Вот и сейчас, как бы он не закрывал собой и финна, и Мишку, а все равно отделали их крепко. Если Мишка как-то оклемался, то пленный, навряд ли доедет. А жаль!
Степан который раз посмотрел на неподвижное тело финна, на упрямо проступающее бледным пятном лицо. Горький ком подкатил к горлу и запер его. Степан выпрямился, поднял голову, чтобы легче было вздохнуть, но ком не проваливался, продолжал жечь нутро.
Вот так же просидел он всю ночь перед Федькой. Тогда рухнули все надежды на будущее, потерялся смысл жизни, стал Степан одиноким, а после смерти брата и вовсе безродным.
Он почувствовал, как накопленные в глазах слезы сорвались вниз, охладив щеки мокрыми следами. Степан дотянулся до руки финна и сжал запястье. Он долго нащупывал пульс, пока не услышал едва проступающие, робкие толчки.
Каждый раз, когда кто-то умирал у него на руках, Степан думал о его родственниках, так как самому пришлось пройти через это.

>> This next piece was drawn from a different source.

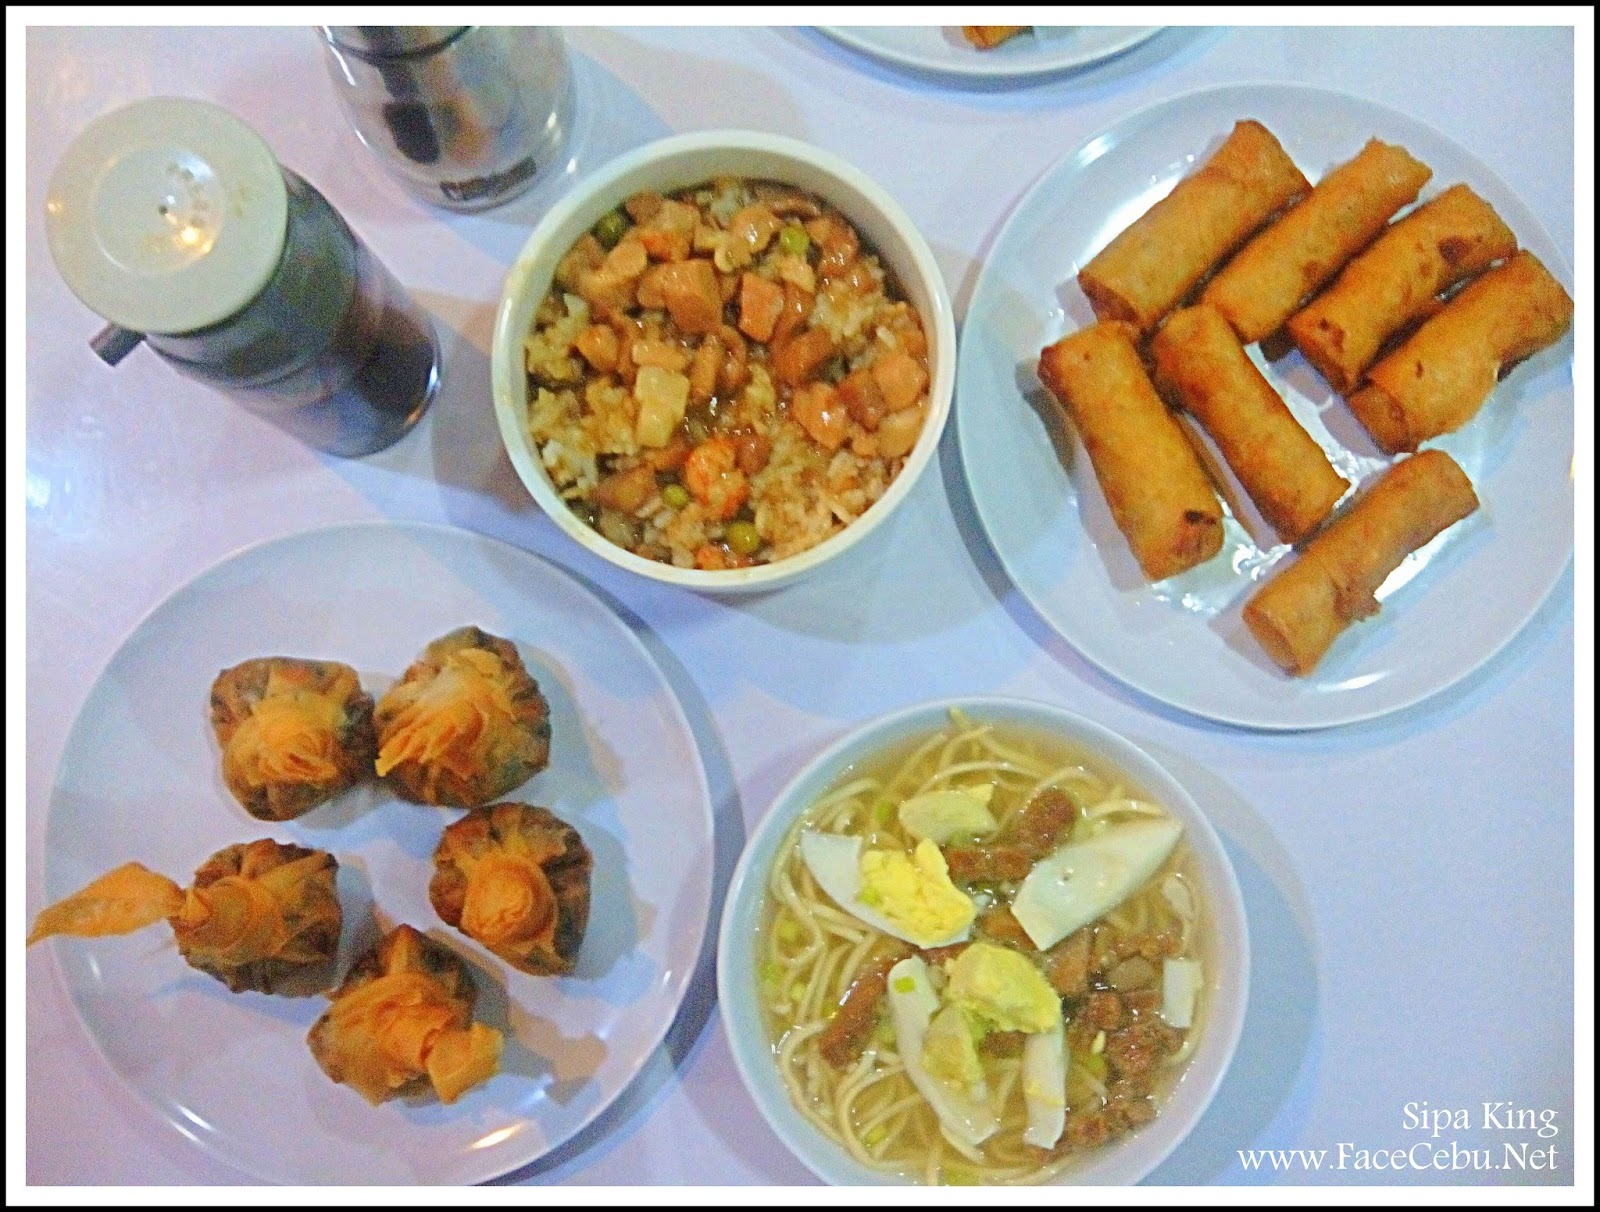 Cebu's Face | Travel, Lifestyle, Food & News: Sipa King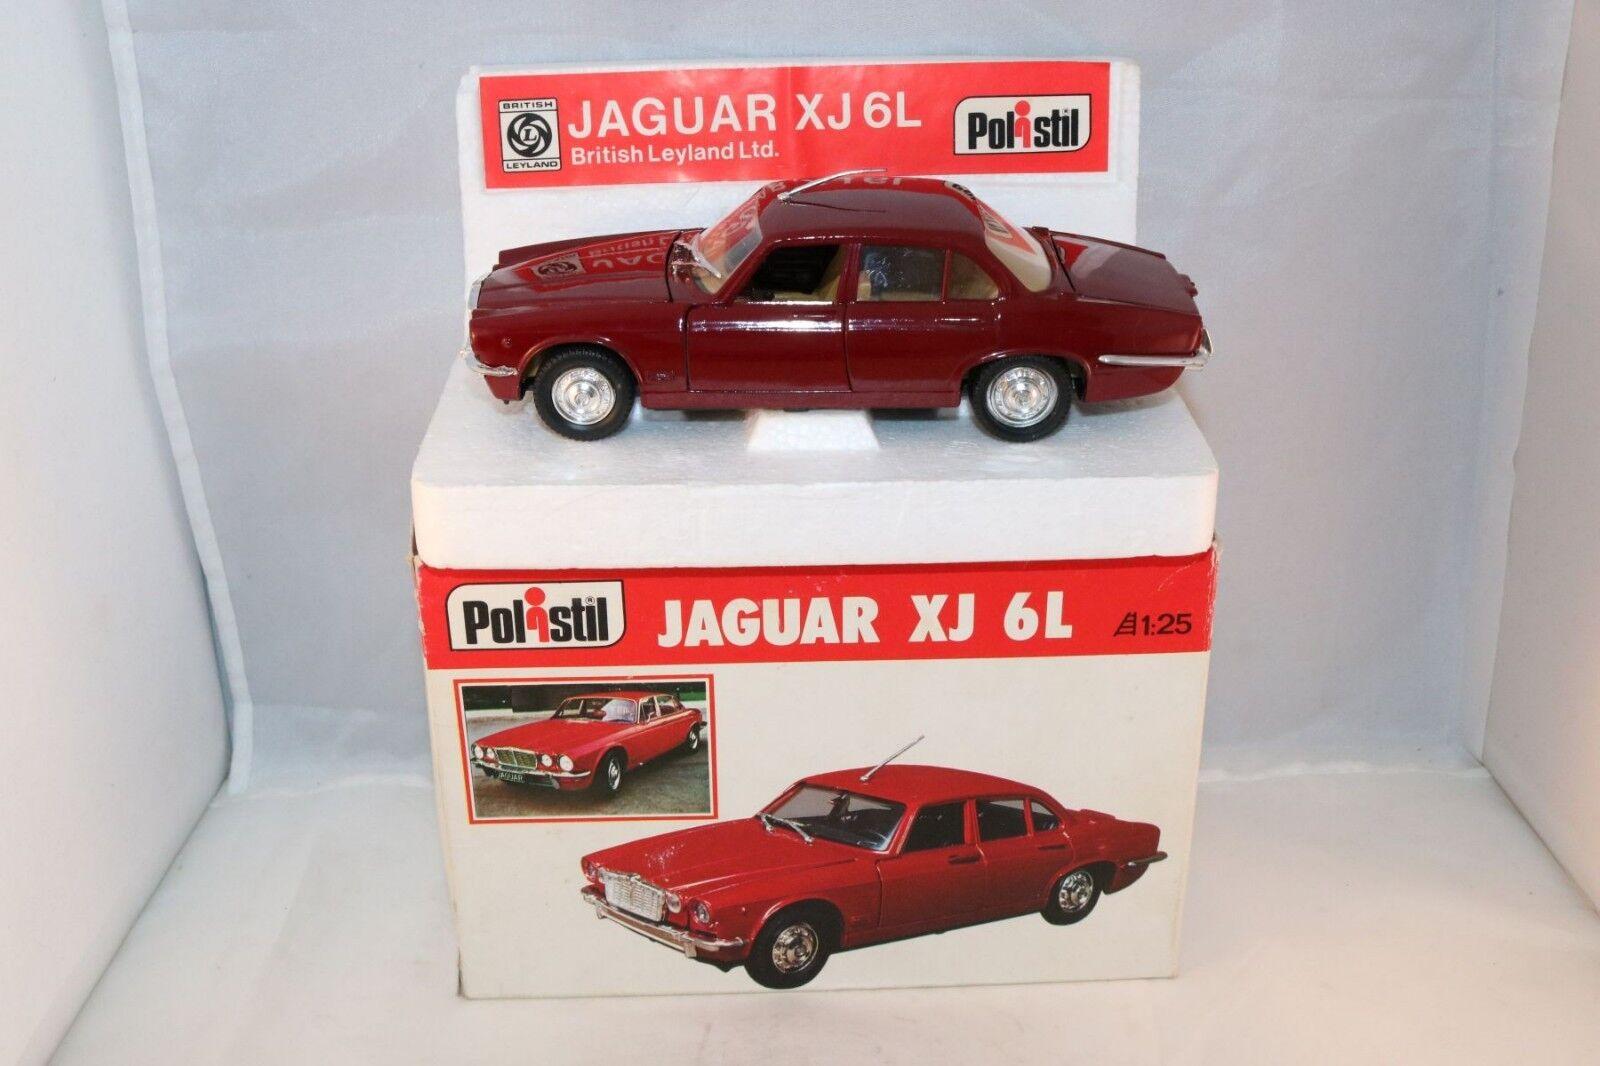 Polistil S31 S.31 Jaguar XJ 6L very near mint in box 1 25 selten Superb a beauty

В такие моменты он будто отчетливо слышал, как где-то вскрикнула чья-то мать, почувствовав, что оборвалось невидимая нить с сыном, и образовалась пустота внутри, холодная и звонкая…. Замрет на мгновение, опустит руки, присядет, заглянет в себя и поймет… Но все равно не поверит…. Умом не поверит, и будет надеяться и ждать. Как и он не поверил, пока не увидел своего Федьку… Хорошо, что мать не дожила до этого.
— Что отошел?.. Степан, я тебя спрашиваю, отошел, нет, чухонец-то? — подал голос лейтенант. Степан не сразу высмотрел командира в темнеющей груде тел, которые копошились серой массой, охали, харкали, тревожно сигналили огоньками цигарок.
— Жив пока, но… видимо уже скоро…
— А я смотрю, ты к нему тянешься. А может и к лучшему. Все равно не жилец.
Степана передернуло. Но он сдержался. А что тут скажешь, для всех этот парень — враг, и если пользы нет, хоть и выживет — все равно в расход.
Скрипнув тормозами и швырнув последний раз всех к переднему борту, машина наконец-то остановилась и тут же заглохла. Но нутро каждого пассажира продолжало жить прежними звуками, а тело рывками и толчками. Стал слышен далекий лай собак, хлопанье ворот, смех, покрикивание, скрип снега под множеством ног. В кузове завозились, разом загалдели, откидывая полог и поднимая свои избитые дорогой тела. Послышались команды снаружи. Началась выгрузка больных и раненых.